Galaxy Sommelier: A Study on Out-of-Distribution Generalization by Mixing Astronomical Survey Data

An investigation into how training on mixed-survey astronomical data affects the out-of-distribution (OOD) generalization of Vision Transformer models for galaxy morphology classification.

Project Overview

This project explores the effectiveness of improving model generalization by training on a diverse dataset from multiple astronomical surveys. We use a Vision Transformer (DINOv2) to classify galaxy morphologies and specifically investigate how a model trained on a mix of SDSS and DECaLS survey data performs when evaluated on a completely unseen survey, UKIDSS. This serves as a key test for out-of-distribution robustness, a critical requirement for building universal astronomical models.

Results

Our initial training on a single survey (SDSS) demonstrates strong performance, with significant improvements across all morphological classification tasks:

Performance Summary (SDSS-only model)

Overall Correlation: 0.85 (R² = 0.72)
Mean Absolute Error: 0.106
Main Morphology Classification Accuracy: 62.5%

Training Stage Progression

Stage	Overall Correlation	Overall R²	MAE	Notes
Pretrained Baseline	0.116	0.013	0.403	Poor performance across all features
Head Training	0.759	0.576	0.153	Major improvement, learned basic concepts
Full Fine-tuning	0.850	0.722	0.106	Best performance, refined all features

Overall Performance Comparison

Distribution Comparison: True vs Predicted

Key Morphological Features Performance

Disk Fraction (smooth vs featured): r = 0.968 (excellent)
Edge-on Detection: r = 0.935 (excellent)
Odd Features Detection: r = 0.932 (excellent)
Spiral Detection: r = 0.857 (very good)
Bar Detection: r = 0.772 (good)
Bulge Dominance: r = 0.506 (moderate - most challenging feature)

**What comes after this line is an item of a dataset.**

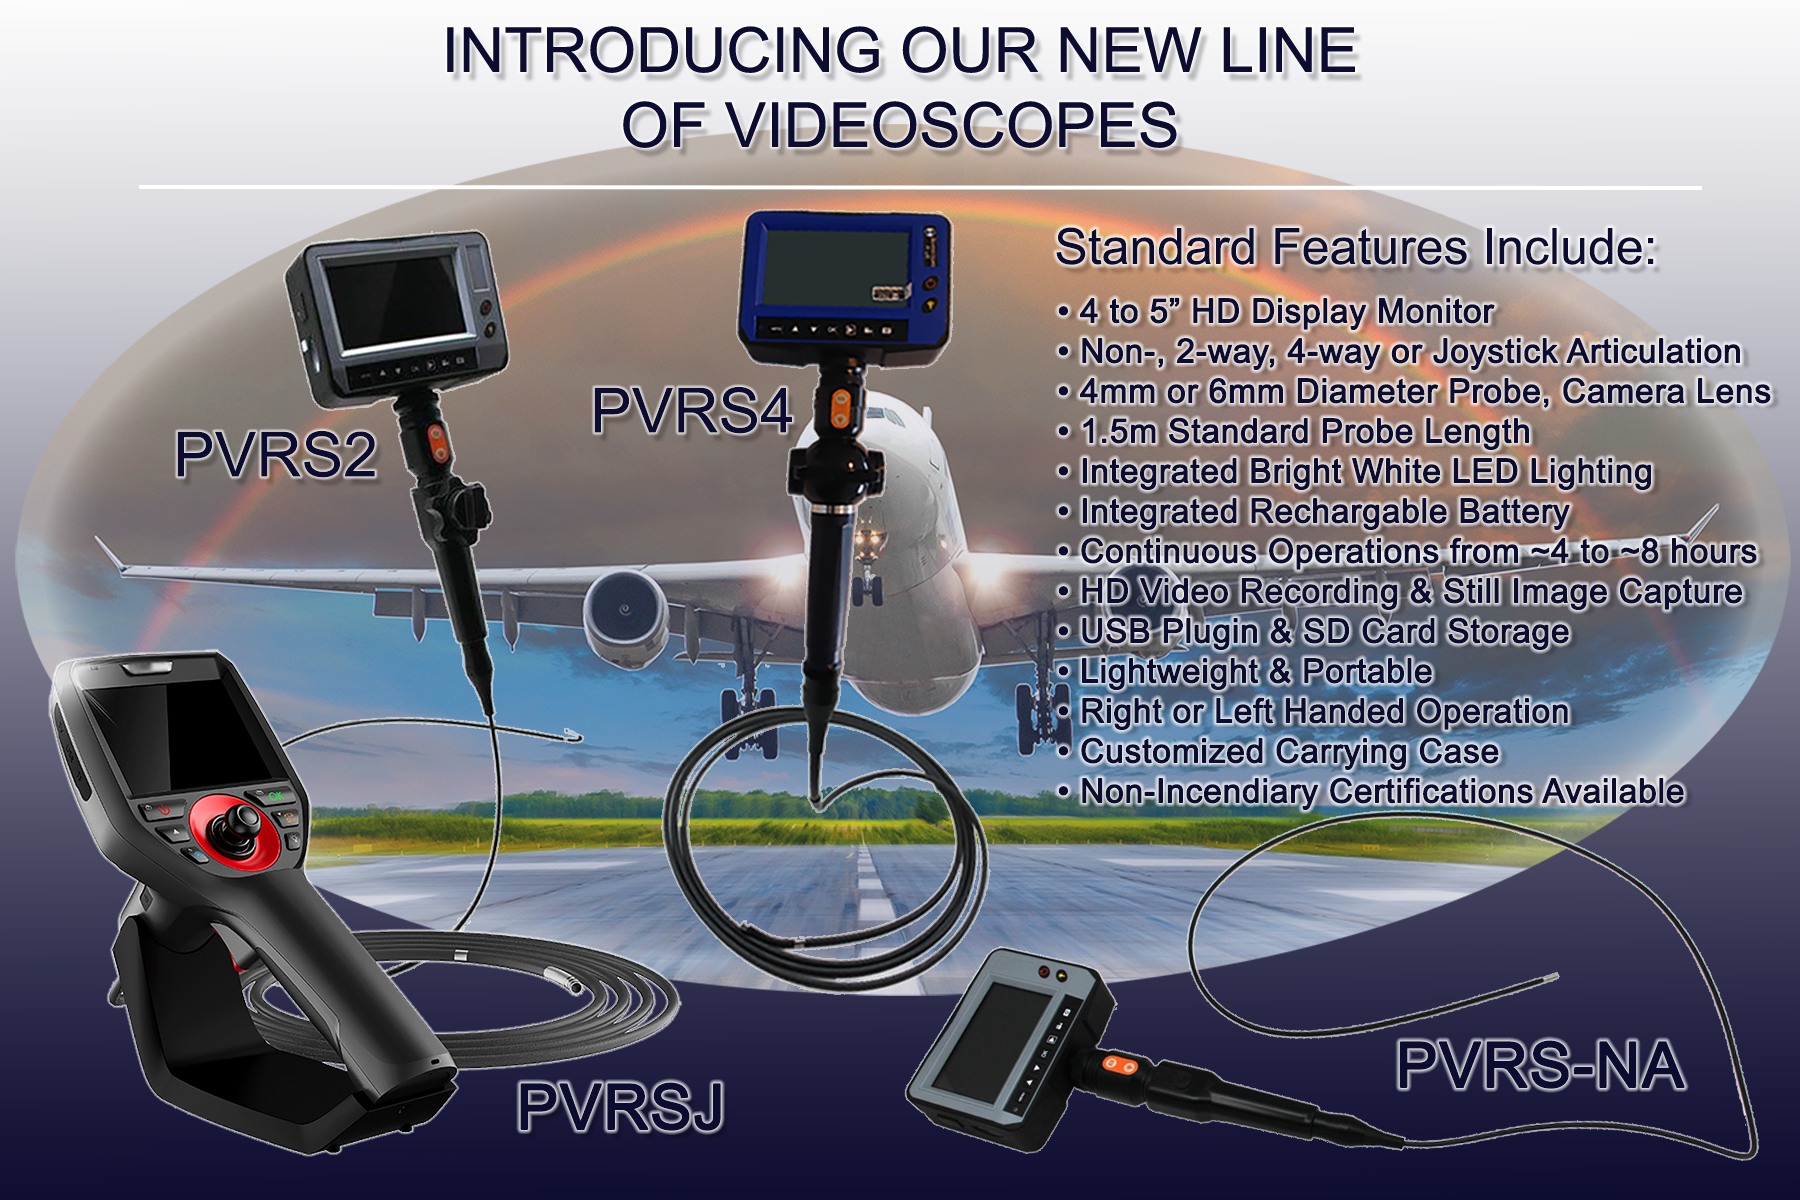 Introducing our new line of Videoscopes, the PVRS series! Portable Video Recording Systems including 4 or 5 inch HD LCD monitor displays, Joystick articulation, 2 or 4-way articulation, or non articulating, with built in rechargable batteries, integrated bright white LED lighting, video recording and still image capture, USB to PC adaptor as well as SD micro card storage.

The model successfully learned to classify most galaxy morphological characteristics, with geometric and structural features showing the strongest performance. Bulge prominence assessment remains the most challenging task, likely requiring additional specialized techniques.

Out-of-Distribution Evaluation

We tested the model's generalization capabilities by evaluating on UKIDSS data (completely unseen survey) compared to the training distribution (SDSS). This tests the model's ability to work across different astronomical surveys with varying image properties.

Cross-Survey Performance Results

The values represents averages over the 11 features that are shared between SDSS and UKIDSS datasets.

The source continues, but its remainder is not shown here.